Analysis of nearly 30 years of species reintroduction studies using off-the-shelf machine learning, natural language processing and sentiment analysis will help us maximize our conservation dollars and could lead to greater success in species reintroduction.
Researchers are using a kind of machine learning known as sentiment analysis to assess the successes and failures of wildlife conservation over time. In their study, appearing March 19 in Patterns — a new open access data science journal from Cell Press — the researchers assessed the abstracts of more than 4,000 studies of species reintroduction across four decades and found that, generally speaking, we’re getting better and better at reintroducing species to the wild. They say that machine learning could be used in this field and others to identify the best techniques and solutions from among the ever-growing volume of scientific research.
“We wanted to learn some lessons from the vast body of conservation biology literature on reintroduction programs that we could use here in California as we try to put sea otters back into places they haven’t roamed for decades,” says senior author Kyle Van Houtan (@kylevanhoutan), chief scientist at Monterey Bay Aquarium. “But what sat in front of us was millions of words and thousands of manuscripts. We wondered how we could extract data from them that we could actually analyze, and so we turned to natural language processing.”
Natural language processing is a kind of machine learning that analyzes strings of human language to extract usable information, essentially allowing a computer to read documents like a human. Sentiment analysis, which the researchers used in this paper, looks more specifically at a trained set of words that have been assigned a positive or negative emotional value in order to assess the positivity or negativity of the text overall.
The researchers used the database Web of Science to identify 4,313 species reintroduction studies published from 1987 to 2016 with searchable abstracts. Then they used several “off-the-shelf” sentiment analysis lexicons — meaning that the words in them had already been assigned a sentiment score based on things like movie and restaurant reviews — to build a model that could give each abstract an overall score. “We didn’t have to train the models, so after running them for a few hours we all of a sudden had all these results at our disposal,” says Van Houtan. “The scores gave us a trend over time, and we could query the results to see what the sentiment was associated with studies on pandas or on California condors or coral reefs.”
The trends they saw suggested greater conservation success. “Over time, there’s a lot less uncertainty in the assessment of sentiment in the studies, and we see reintroduction projects become more successful — and that’s a big takeaway,” he says. “Looking at thousands of studies, it seems like we’re getting better at it, and that’s encouraging.”

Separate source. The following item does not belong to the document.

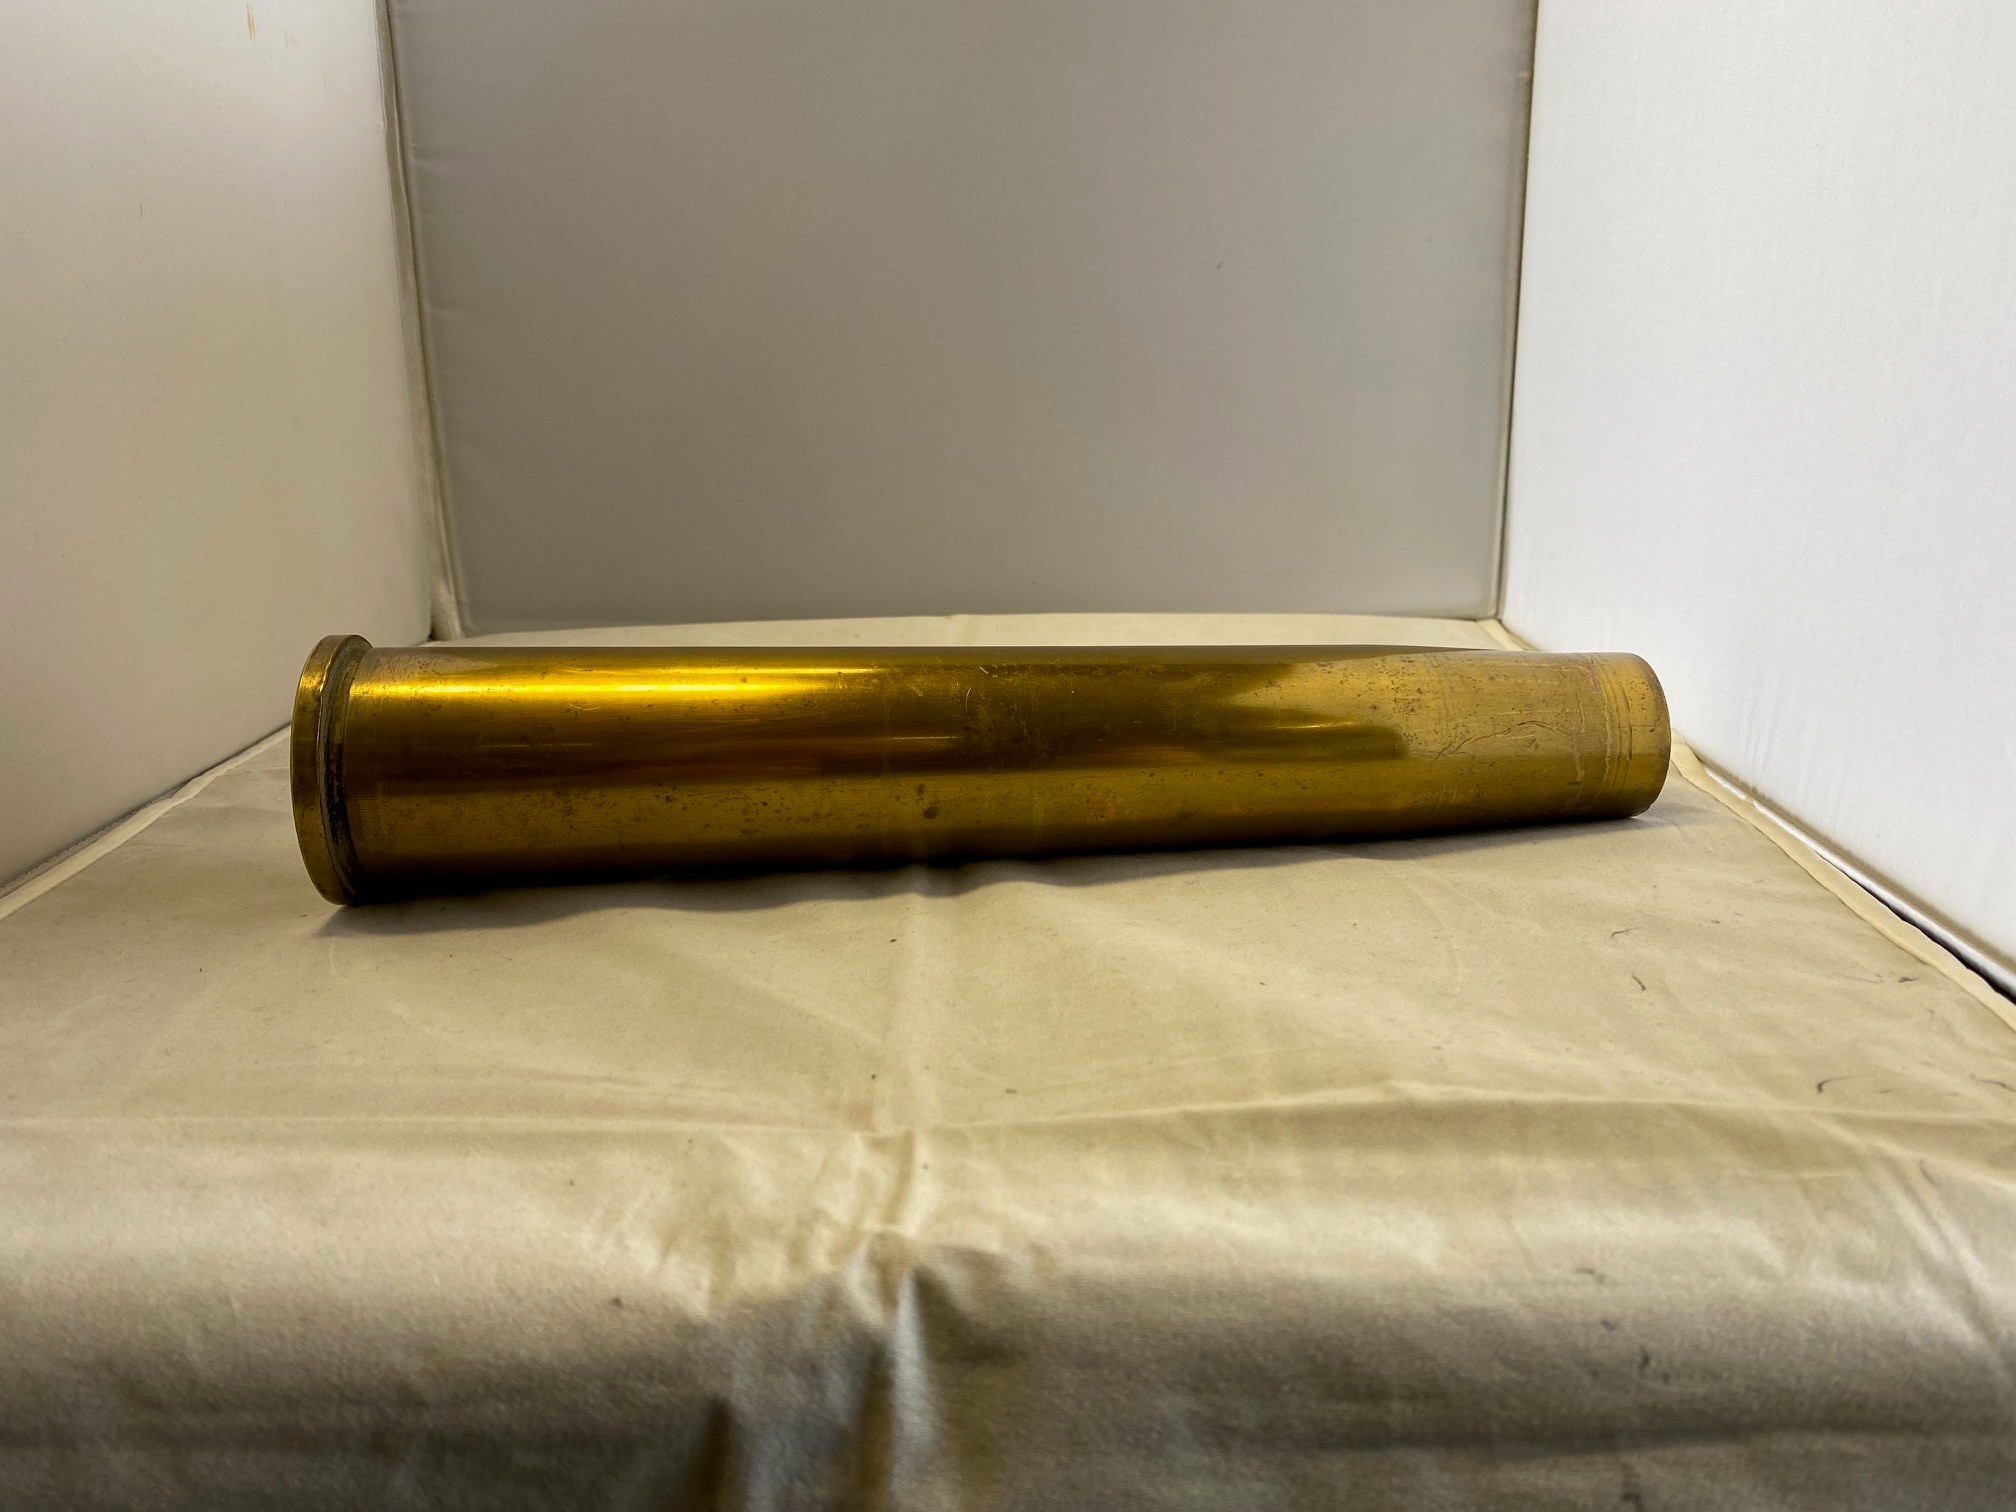 British army 40 mm brass shell mk 4

“If we are going to maximize our conservation dollars, then we need to be able to quickly assess what works and what doesn’t,” says study co-author Lucas Joppa, Chief Environmental Officer at Microsoft. “Machine learning, and natural language processing in particular, has the ability to sift through results and shine a light on success stories that others can learn from.”
To ensure their results were accurate, the researchers looked at the most common indicators of positive sentiment (and therefore conservation success) in their results and found words like “success,” “protect,” “growth,” “support,” “help,” and “benefit;” words that indicated negative sentiment were ones like “threaten,” “loss,” “risk,” “threat,” “problem,” and “kill.” These words aligned with what they, as long-time conservation biologists, would typically use to indicate success and failure in their own studies. They also found that trends described by the sentiment analysis for specific reintroduction programs known to be successes or failures (like the reintroduction of the California condor) matched the known outcomes.

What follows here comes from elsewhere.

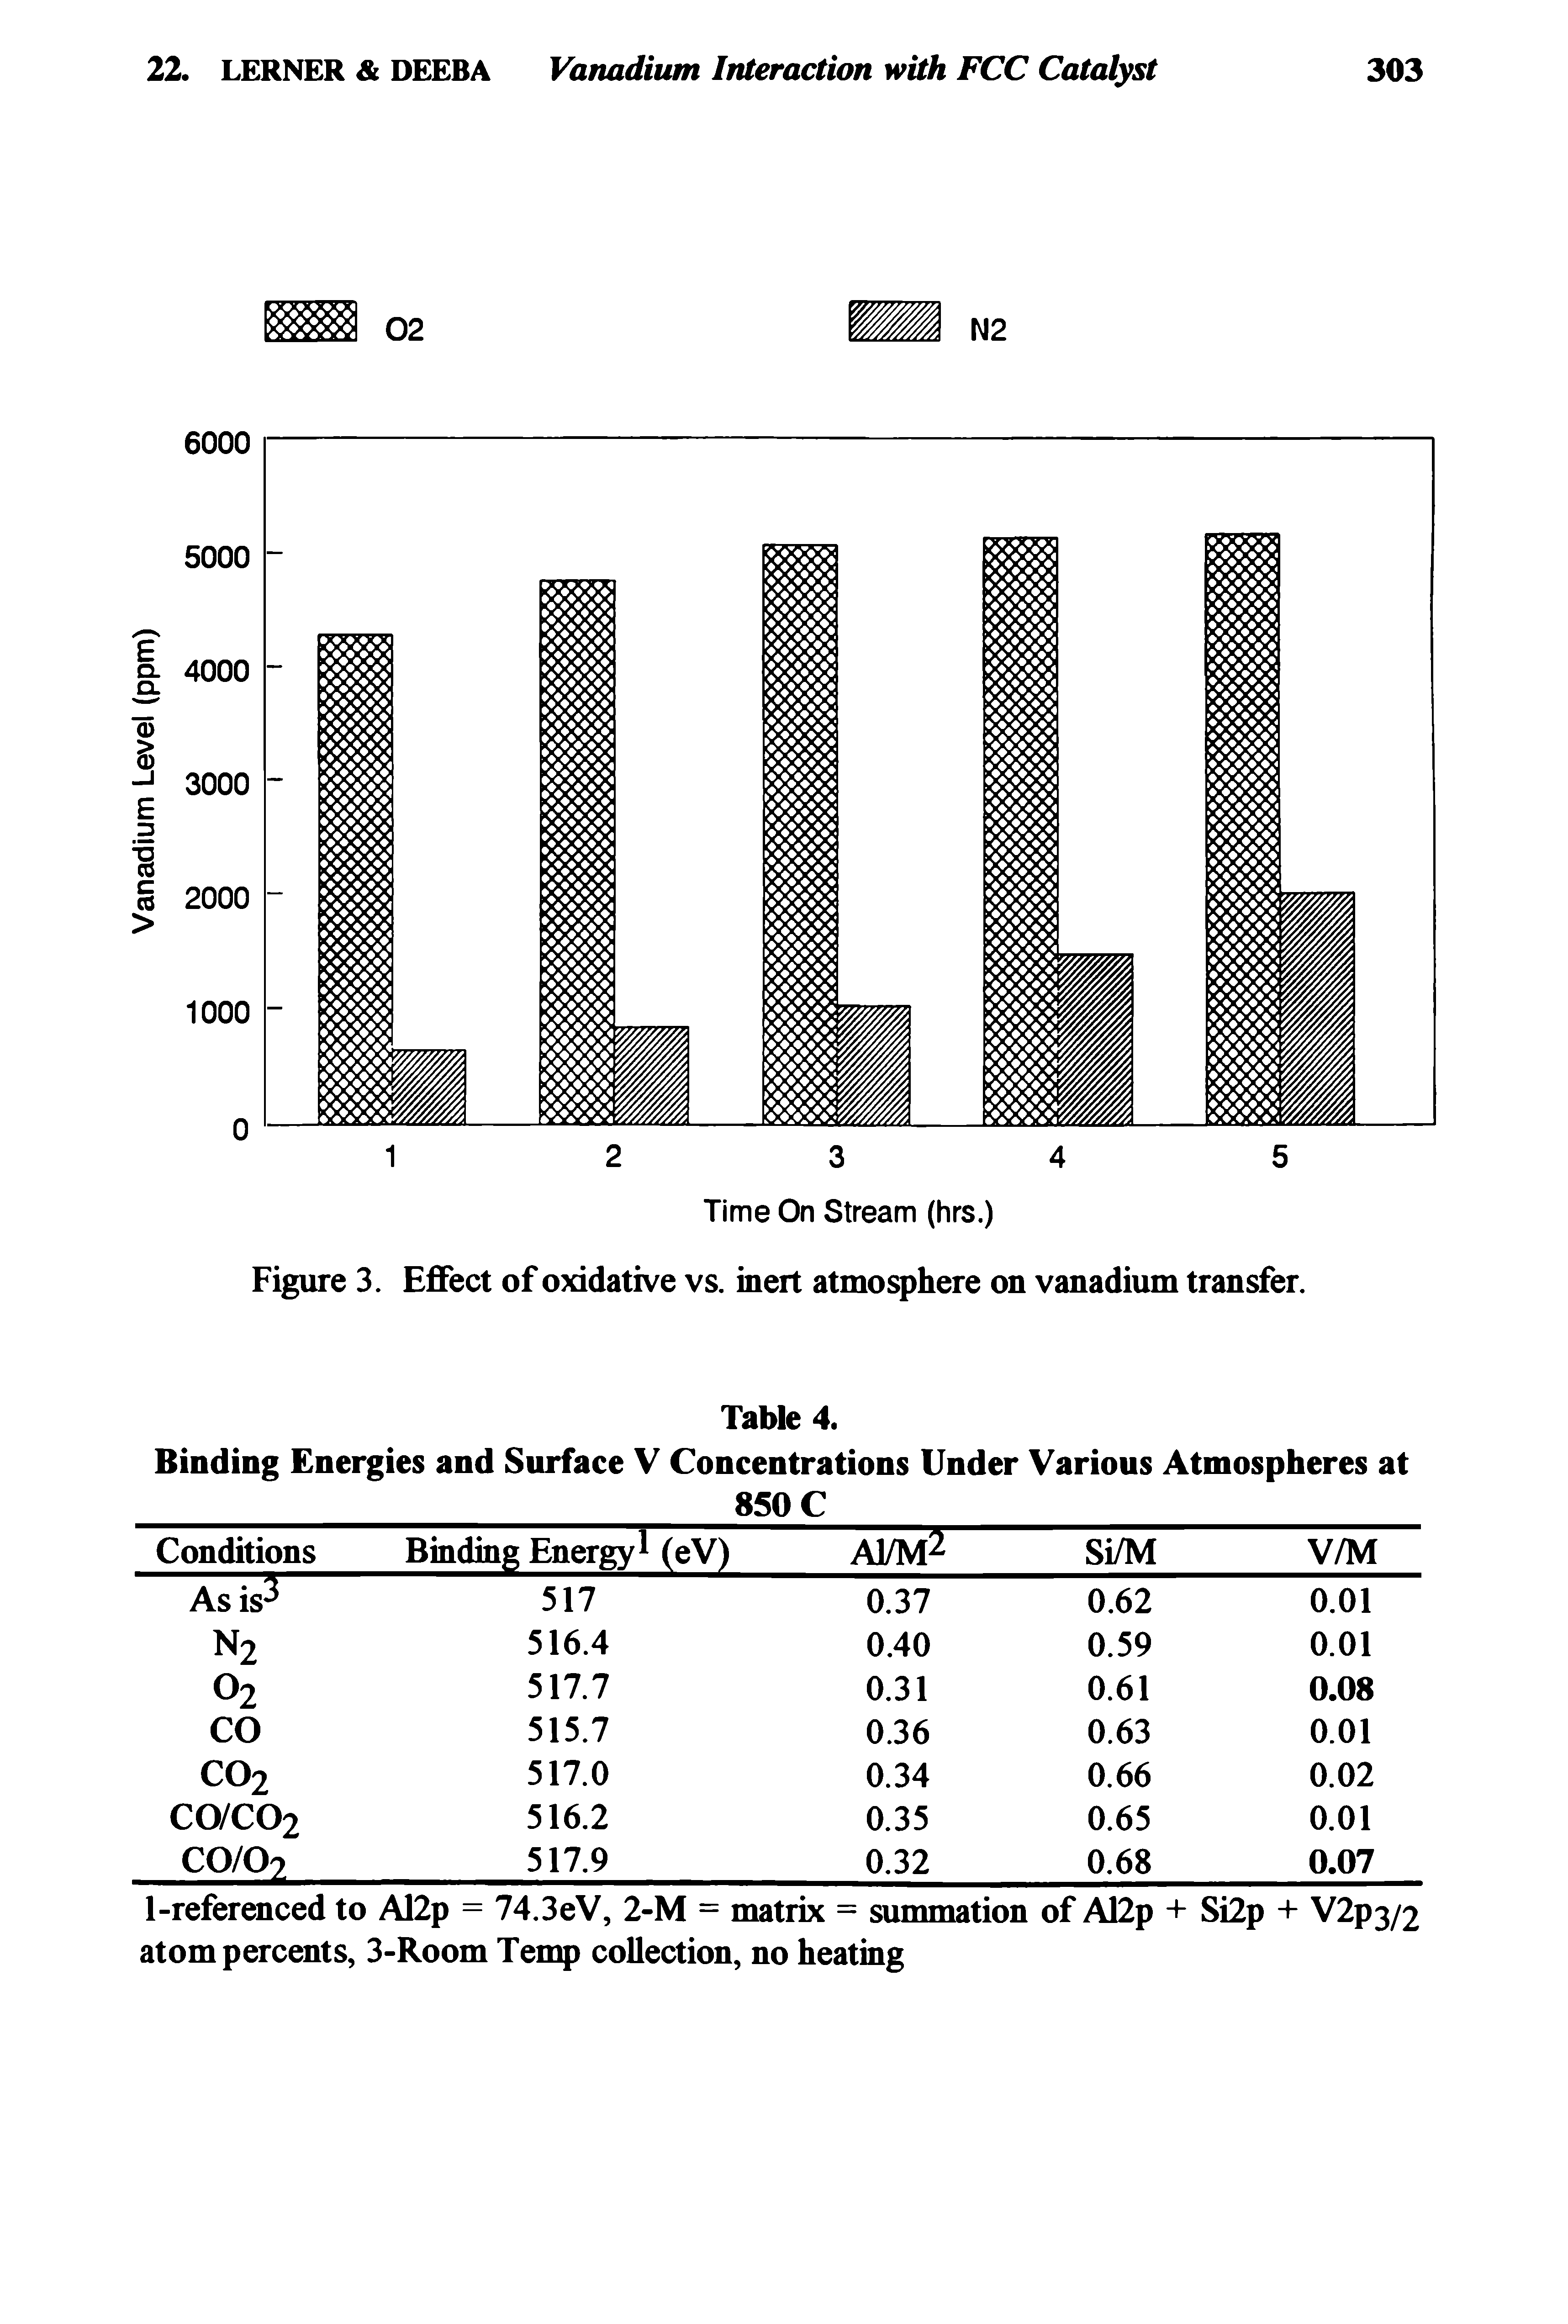 Figure 3. Effect of oxidative vs. inert atmosphere on vanadium transfer.

The researchers say that off-the-shelf sentiment analysis worked surprisingly well for them, likely because many words used in conservation biology are part of our everyday lexicons and were therefore accurately coded with the appropriate sentiment. In other fields, they think more work would need to be done to develop and train a model that could accurately code the sentiment of more technical, field-specific language and syntax. Another constraint, they say, is that only a limited number of the papers they sought to analyze were open access, which meant they had to assess abstracts rather than full papers. “We’re really just scratching the surface here, but this is definitely a step in the right direction,” says Van Houtan.
Still, they do think this is a technique that can and should be applied more broadly in both conservation biology and other fields to make sense of the vast amounts of research that’s now being conducted and published. “So much local conservation work goes unnoticed by the global conservation community, and this paper shows how machine learning can help close that information gap,” says Joppa.
“Many of these techniques have been in use for over a decade in commercial settings, but we’re hoping to translate them into settings like ours to combat climate change or plastic pollution or to promote endangered species conservation,” Van Houtan says. “There’s a plethora of data that’s right at our fingertips, but it’s this sleeping giant because it isn’t properly curated or organized, which makes it challenging to analyze. We want to connect people with ideas, capacity, and technical solutions they might not otherwise encounter so we can bring some progress to these seemingly intractable problems.”